Healthcare providers routinely use artificial intelligence to write exam notes, summarize lab results, and identify risk factors in patient charts. Now, the New York Times reports, they’re starting to use it to challenge coverage denials.
“For a growing number of doctors,” the Times wrote in a July 10 article, “AI chatbots—which can draft letters to insurers in seconds—are opening up a new front in the battle to approve costly claims, accomplishing in minutes what years of advocacy and attempts at health care reform have not.”
Dr. Azlan Tariq, a rehabilitation specialist cited in the article, turned to AI after burning dozens of hours on unsuccessful appeal letters and prior-authorization requests. Tariq’s patients included “a 45-year-old man who spent five months in a wheelchair while his insurer denied appeal after appeal for a prosthetic leg.”
Sound familiar?
Tariq told the Times that AI not only halved the time he spends on insurance filings but also improved his approval rate on prior authorizations from 10 percent to 90 percent. He uses a tool called Doximity GPT, which is a HIPAA-approved version of ChatGPT, the most widely used generative AI tool at the moment. Doximity GPT draws information directly from the patient’s chart, medical/scientific literature, and the insurer’s own policy language, so its correspondence is patient-specific, evidence-supported, and tightly focused on the actionable details of each individual case.
According to a survey by the American Medical Association, doctors and their staff spend an average of 12 hours a week preparing and submitting insurance paperwork. The same research showed that medical offices routinely drop winnable challenges because the paperwork burden is simply too high. Insurers use that to their advantage, deliberately drawing out cases until doctors and patients give up from sheer exhaustion.

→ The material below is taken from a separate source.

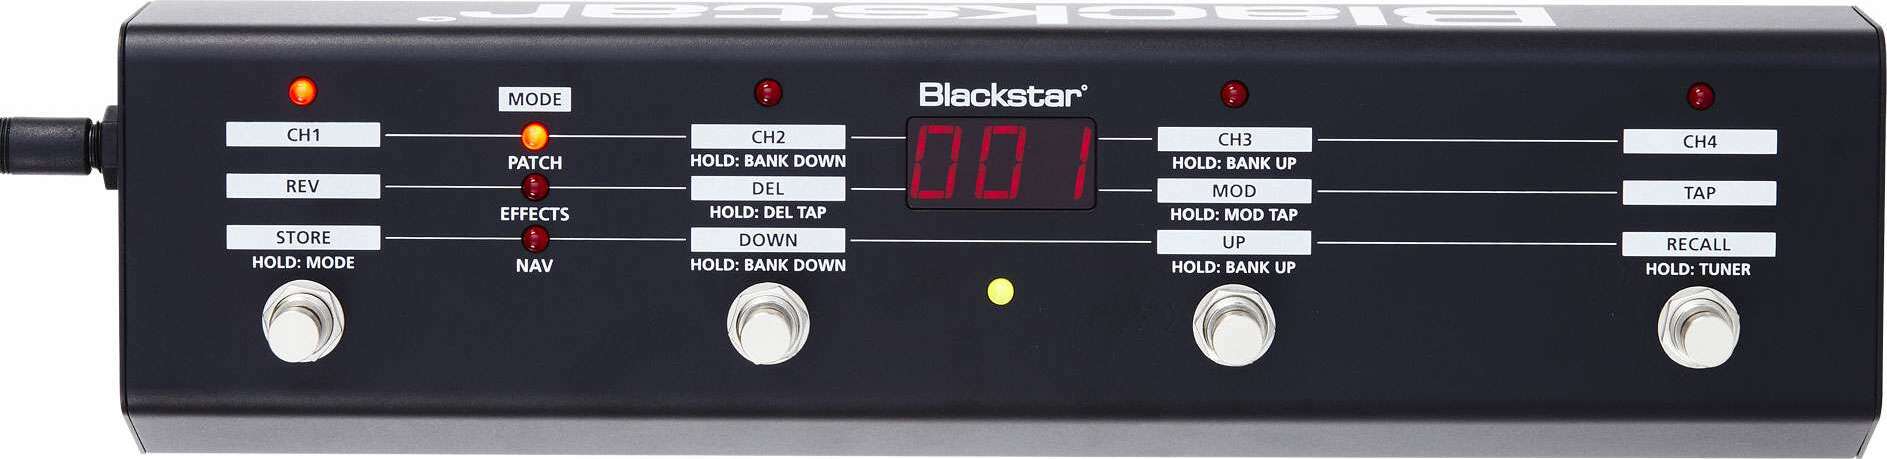 Blackstar Fs10 - Fußschalter für Verstärker - Main picture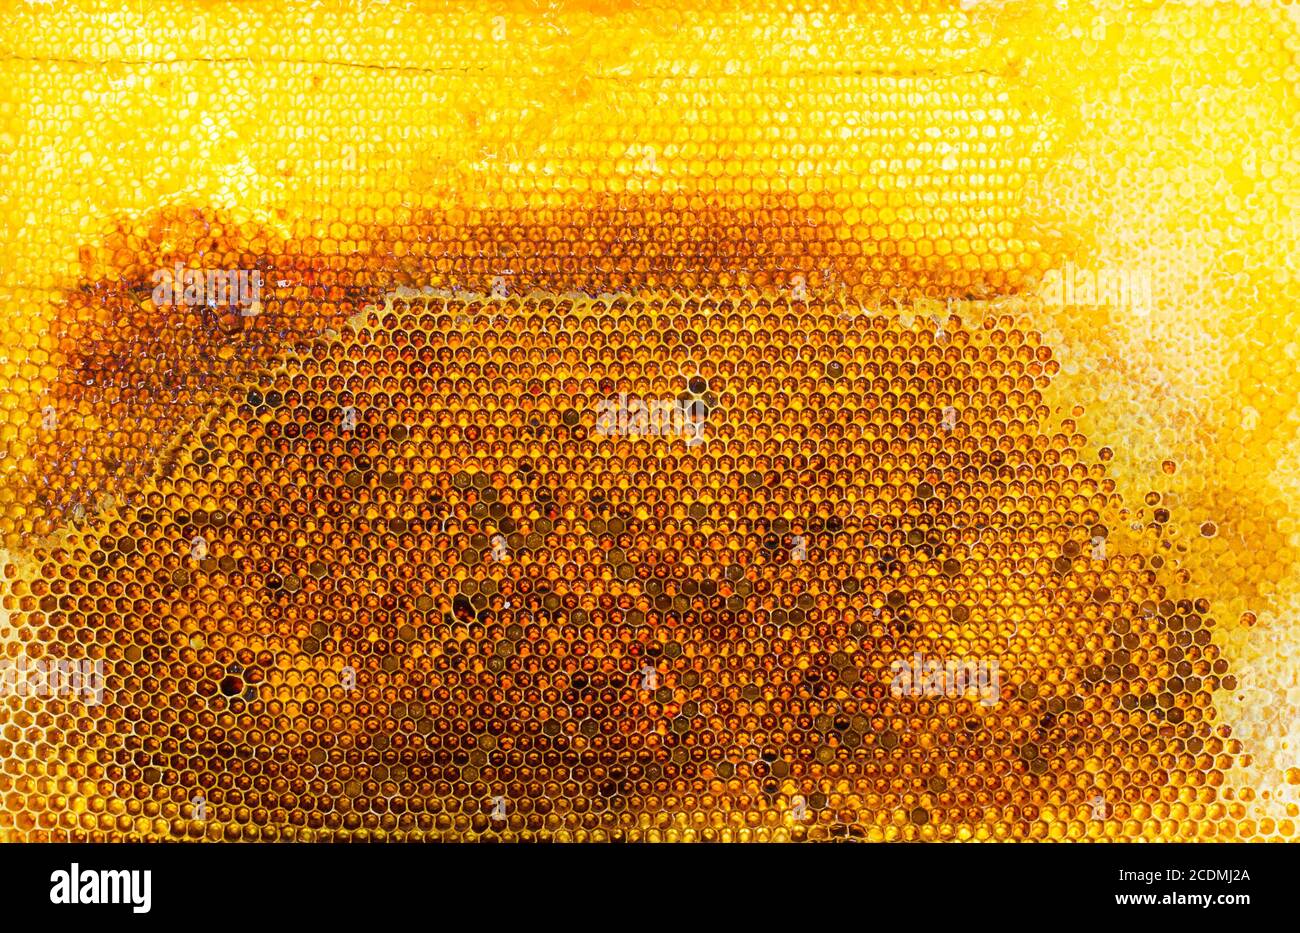 marco de panales de miel, primer plano Foto de stock

The same dynamic surely exists among prosthetists. Although we couldn’t find a formal survey with hard evidence to document this trend, there’s strong anecdotal evidence that prosthetists spend gobs of time on insurance filings—and that they (and their patients) regularly settle for suboptimal prosthetic solutions rather than committing to round after round of claims, appeals, counterappeals, and so on. “Fighting with the insurance companies has taken its toll on practitioners,” veteran prosthetist Mac McClellan told Amplitude last year. “They now have tons more paperwork that takes them away from taking care of patients.”
Could generative AI serve prosthetists and amputees in the same way it’s benefiting doctors and their patients? It could—and it already is.
“I’ve used ChatGPT to craft letters of medical necessity,” we were told by one prosthetist, who would only discuss their clinic’s internal business practices on condition of anonymity. “I’ve used it to craft L-Code justifications to argue why each code that we’re trying to get covered is medically necessary for that patient. It has saved me tons and tons of time writing these, and often the chatbot is more articulate than I would be. Sometimes I’ll use a chatbot as a jumping-off point and then personalize it after the fact, which still saves 30 minutes of my time.” The prosthetist added that they have seen more approvals and fewer denials since they started using ChatGPT.
This practitioner did not want their name published for an interesting reason: The clinic manager wishes to avoid scrutiny from insurers. Because while there’s nothing unethical or illegal about filing claims with AI support, insurers might view it as a provocation in what the Times article refers to as “the AI arms race.” The insurers have their own AI bots, which are programmed to review claims in bulk and write responses. And just as our source is getting better at using AI to justify coverage, insurers are continuously getting better at using AI to deny claims. As one doctor told the Times: “Their AI will deny our AI, and we’ll go back and forth.”
There’s no telling where it all ends. But in the near term, if you’re working on an insurance appeal, it might be worth taking a shot with ChatGPT, which is an open-source program that you can use for free. Or it might be worth asking your clinic if they’d consider using AI to beef up an initial claim.